◆ THE PROBLEM ◆
Strip out all images, then restate the data verbatim.

◆ SOURCE DATA ◆
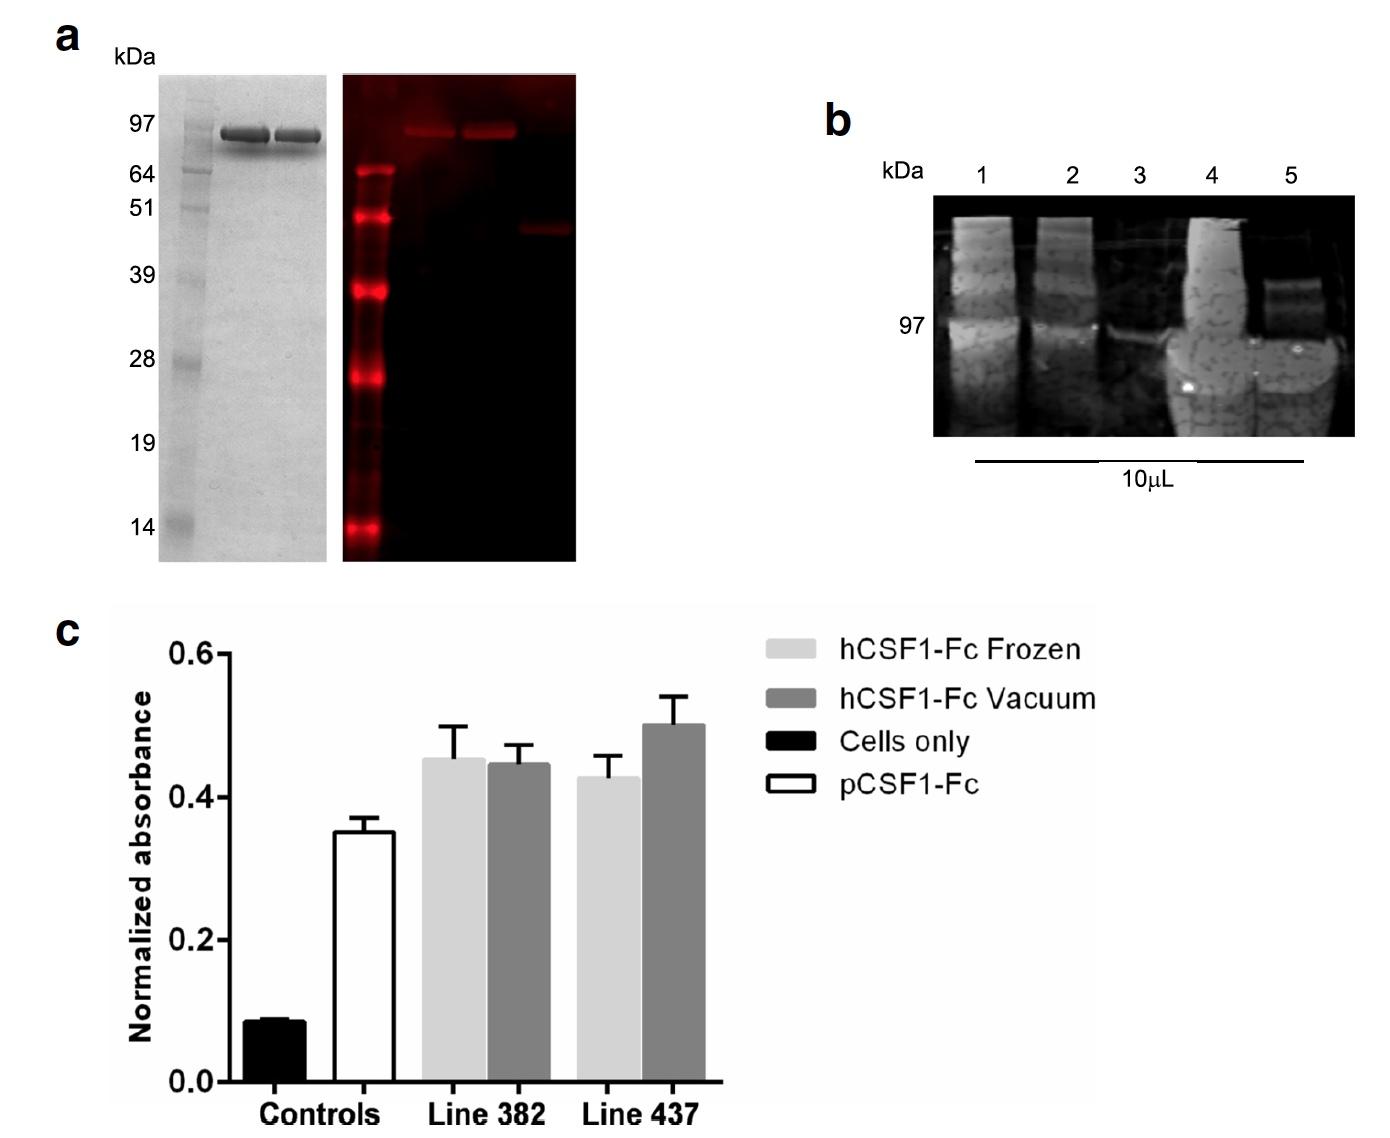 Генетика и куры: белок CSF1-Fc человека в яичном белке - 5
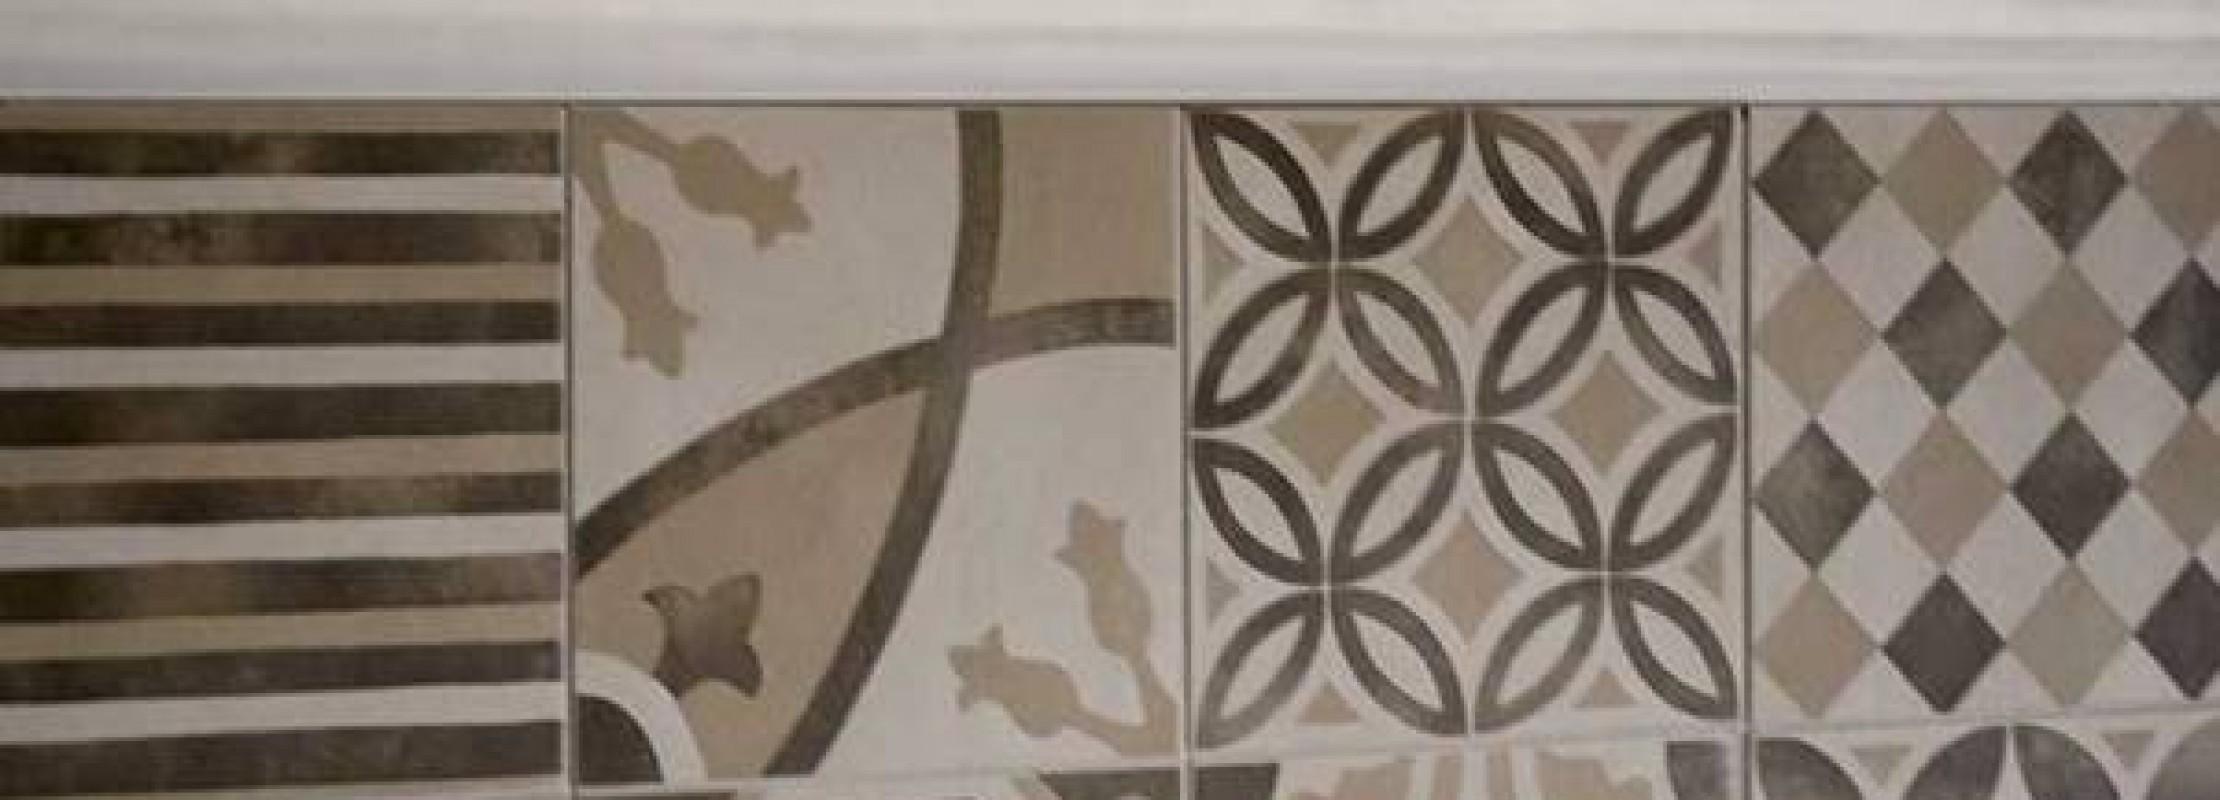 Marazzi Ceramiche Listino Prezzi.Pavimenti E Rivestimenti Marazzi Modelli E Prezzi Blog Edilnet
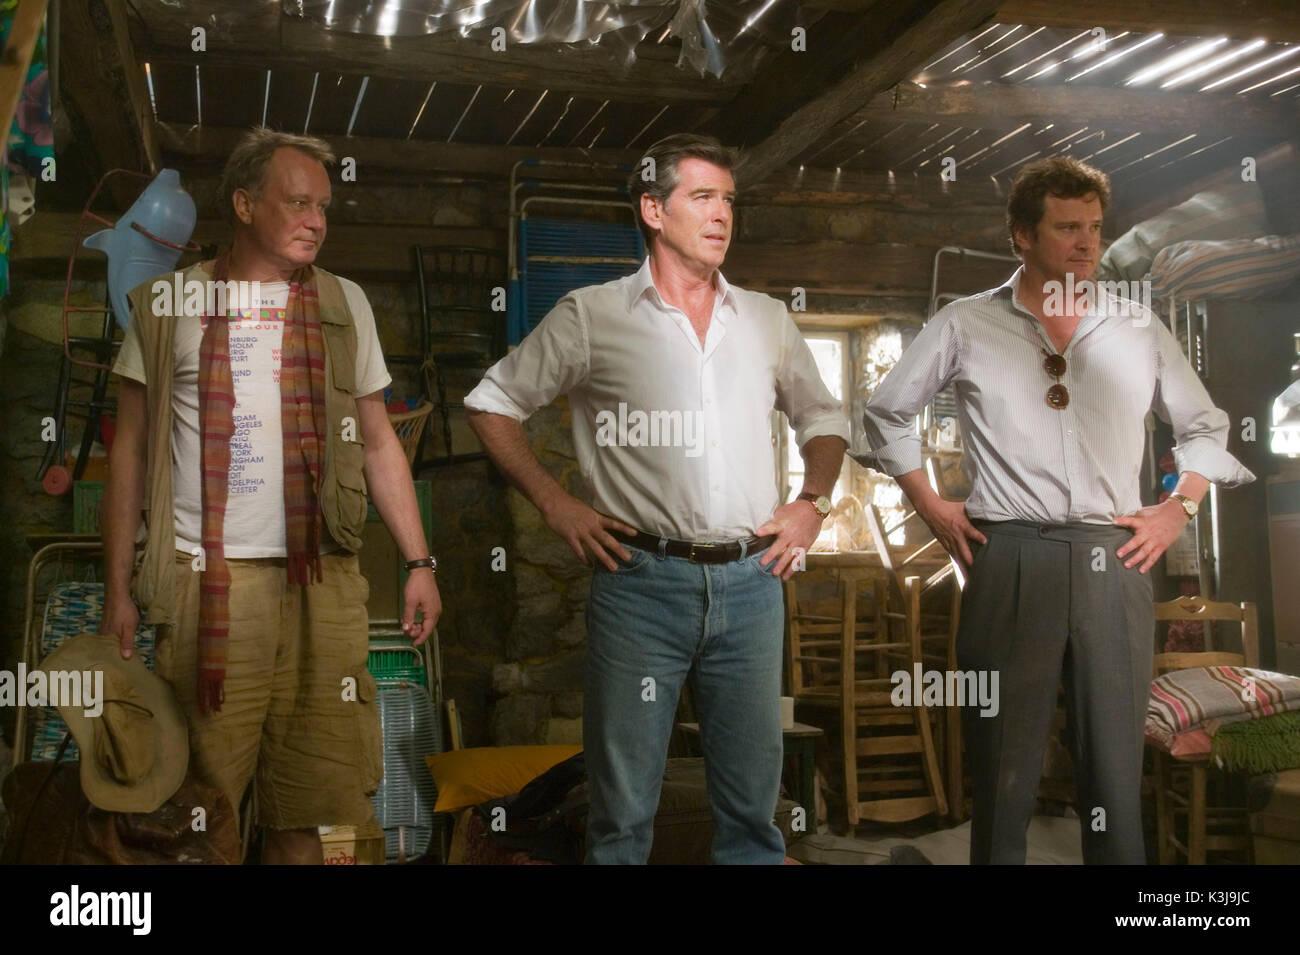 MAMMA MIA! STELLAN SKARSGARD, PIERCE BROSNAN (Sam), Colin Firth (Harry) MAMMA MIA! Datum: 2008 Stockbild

◆ EXERCISE OUTPUT ◆
 Генетика и куры: белок CSF1-Fc человека в яичном белке - 5
 Marazzi Ceramiche Listino Prezzi.Pavimenti E Rivestimenti Marazzi Modelli E Prezzi Blog Edilnet
 MAMMA MIA! STELLAN SKARSGARD, PIERCE BROSNAN (Sam), Colin Firth (Harry) MAMMA MIA! Datum: 2008 Stockbild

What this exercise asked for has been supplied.